第1章 むつご
私は松野カラ松くんが好きだ。
好きなところは、いっぱいある
優しいし、強いし、イタい所もあるけど、それさえも愛おしいくらいに大好き
「どうした、ハニー?」
「んーん、大好きだーって思ったの」
「そうか!俺もハニーが大好きだ」
へにゃって笑うとかわいい所も大好き
大好き大好き大好き大好き大好き大好き大好き大好き大好き大好き大好き。
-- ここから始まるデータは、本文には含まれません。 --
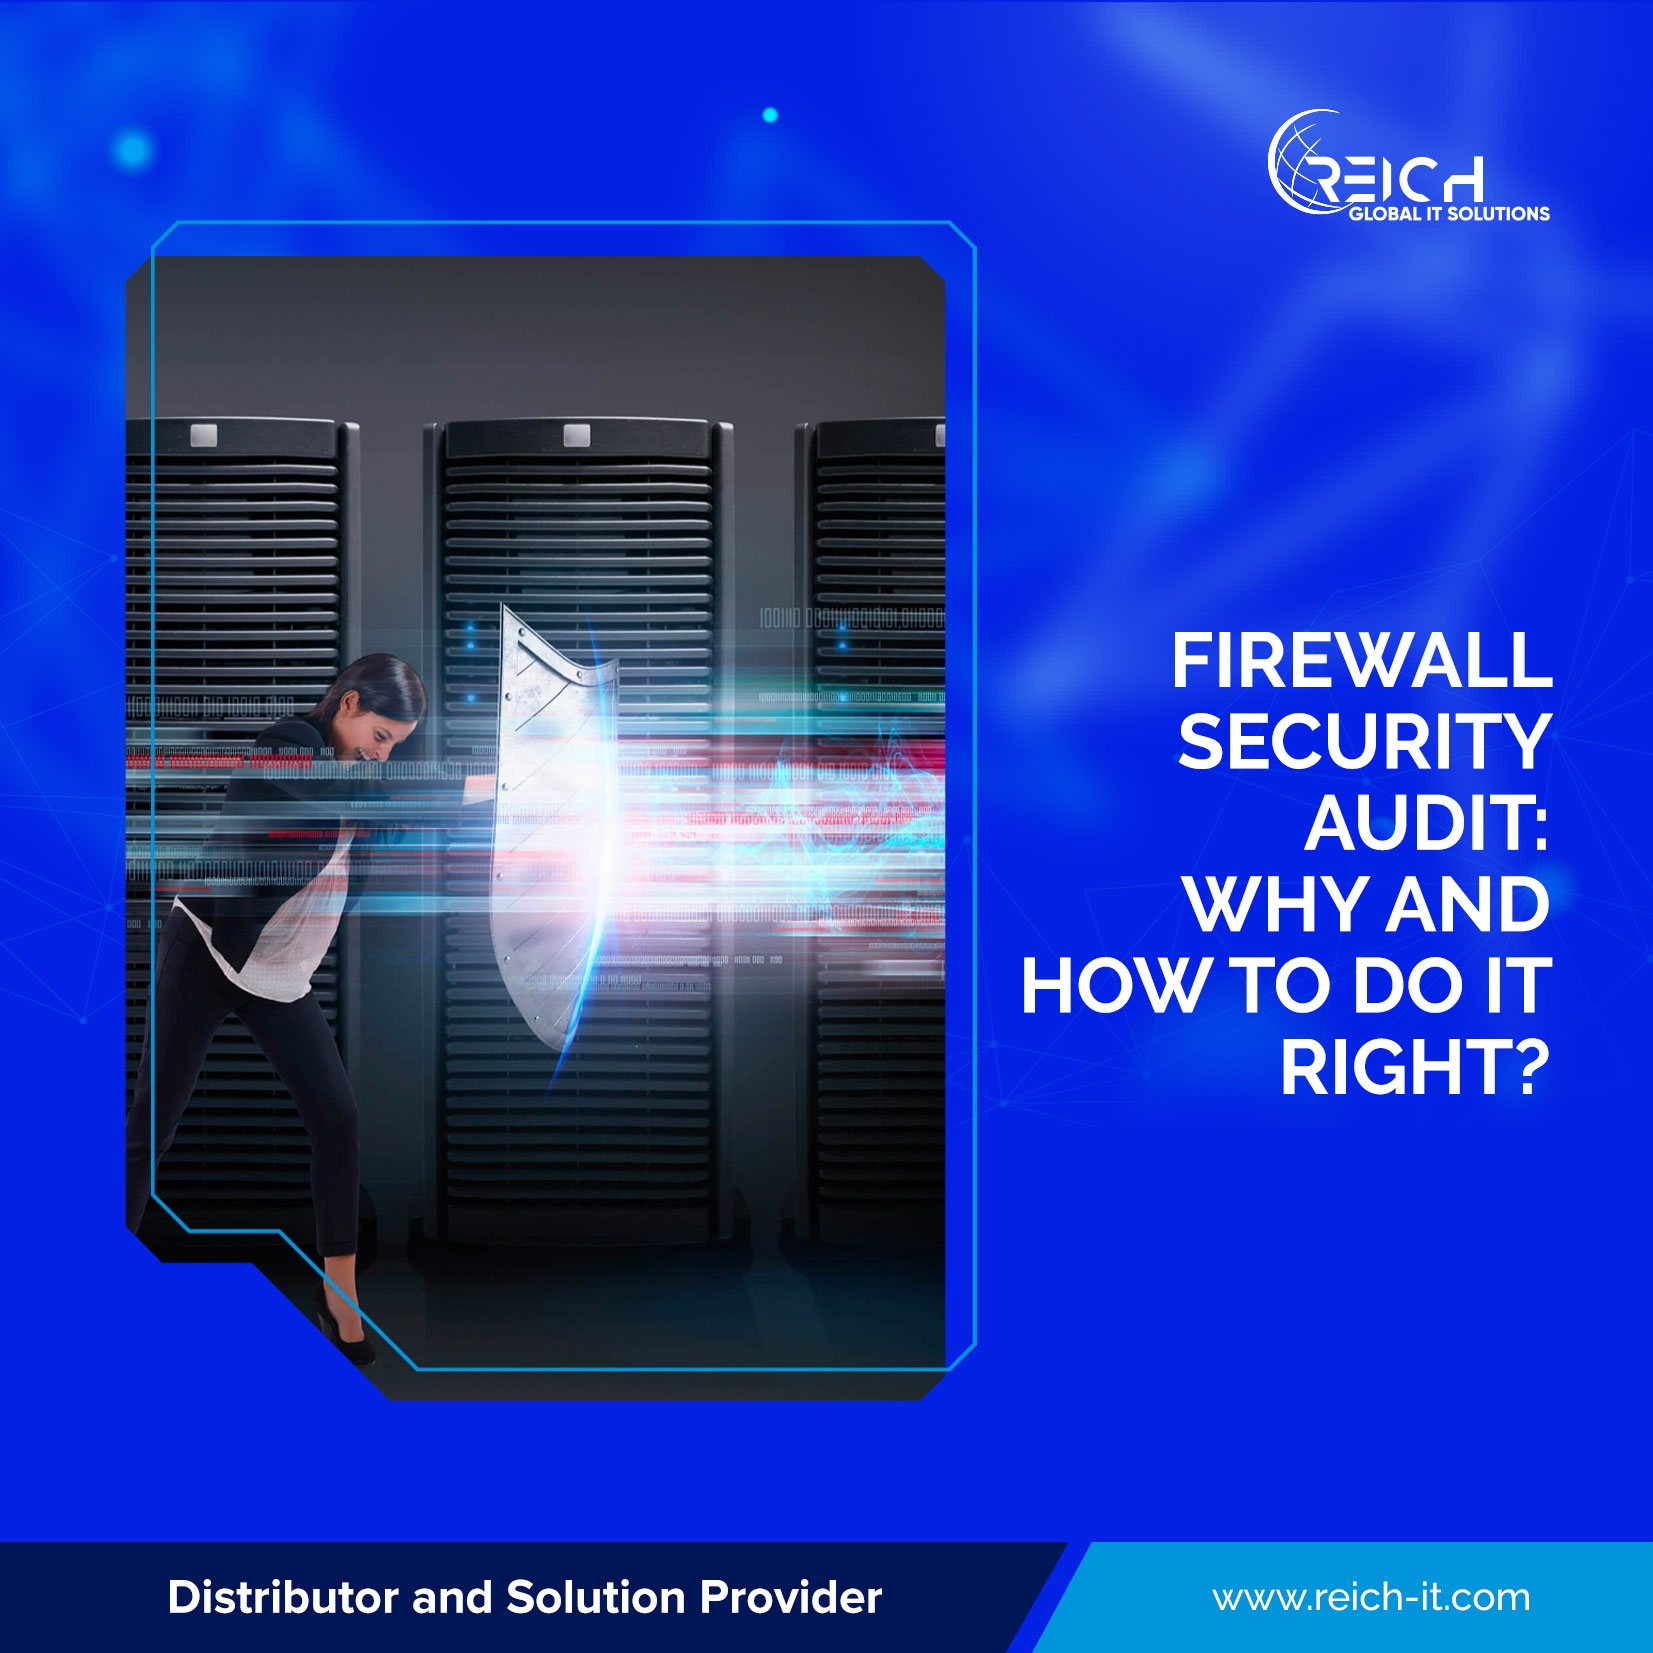 Firewall Security Audit: Why and how to do it right?

どれだけ言葉にしても足りないくらいだいすきなの。
だから、私だけを見ててほしいのに
「今日だっけ、ととこちゃんのライブ」
おそ松くんが楽しそうにカレンダーを見ながら言うと、すかさずちょろ松くんが肯定する。
「ととこちゃん……?」
「あぁ、俺たちのアイドルだ」
「…ふーん」
「姫ちゃんあったことないっけ?」
「ないよ〜!かわいいんだろうね」
「そうだよ!ととこ!!超絶かわいいよととこ!!」
「シコ松うるせぇ!」
誰、それ。
カラ松くんが昔から好きだった?
私じゃなくて、ととこちゃんをみてる
そんなの、嫌
過去だろうが関係ない
✳✳
「ハニー?!大丈夫なのか?!」
「うん、ごめんねカラ松くん……」
「いや、いいんだ。ゆっくり休んでくれ」
ととこちゃんのライブ1時間前に、ハニーが倒れたと連絡がきた。慌てて病院に向かう。医者から話を聞く限り大丈夫なようで安心した。